PROBLEM DETAILS: Could you reproduce, from the records below, everything from the line with "Artisan Cheese & Cracker Selection costco" down to the line with "Пластиковый табурет АТР Стул (табурет) Серый", keeping both of those lines and changing nothing?

SUPPLIED INFORMATION:
Start of Block
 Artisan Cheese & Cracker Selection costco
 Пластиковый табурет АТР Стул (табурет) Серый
End of Block
Start of Block
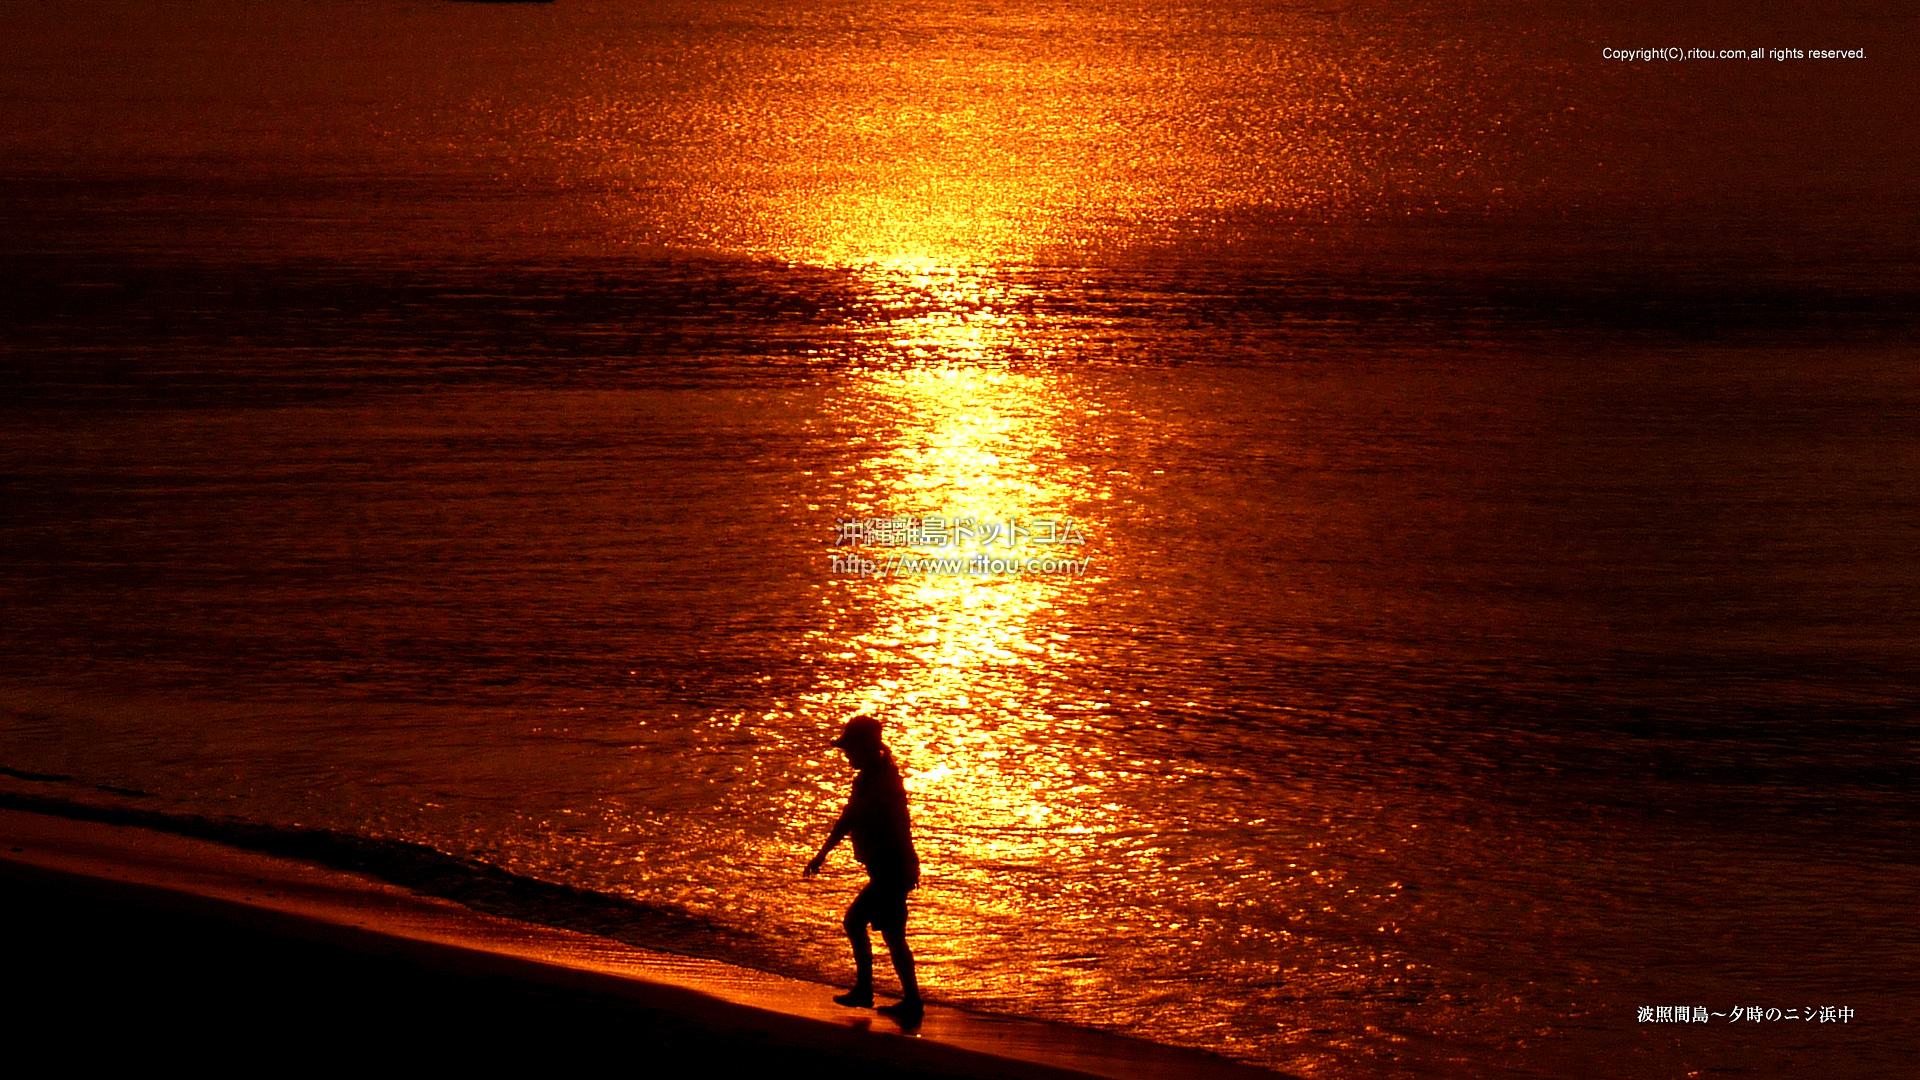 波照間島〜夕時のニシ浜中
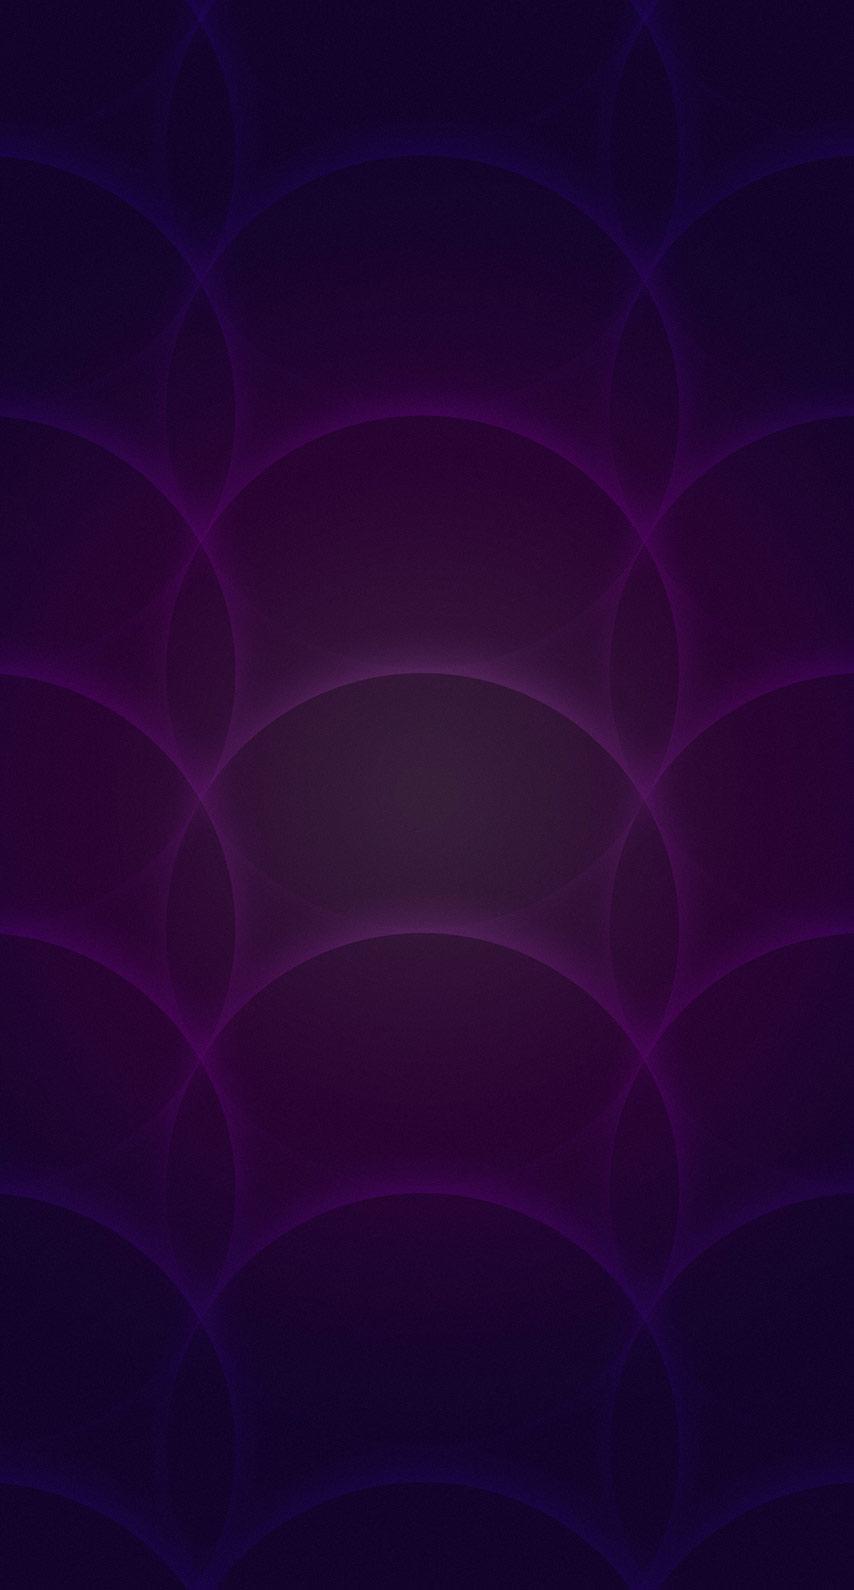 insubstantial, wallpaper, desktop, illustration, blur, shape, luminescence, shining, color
End of Block
OUTPUT:
 Artisan Cheese & Cracker Selection costco
 Пластиковый табурет АТР Стул (табурет) Серый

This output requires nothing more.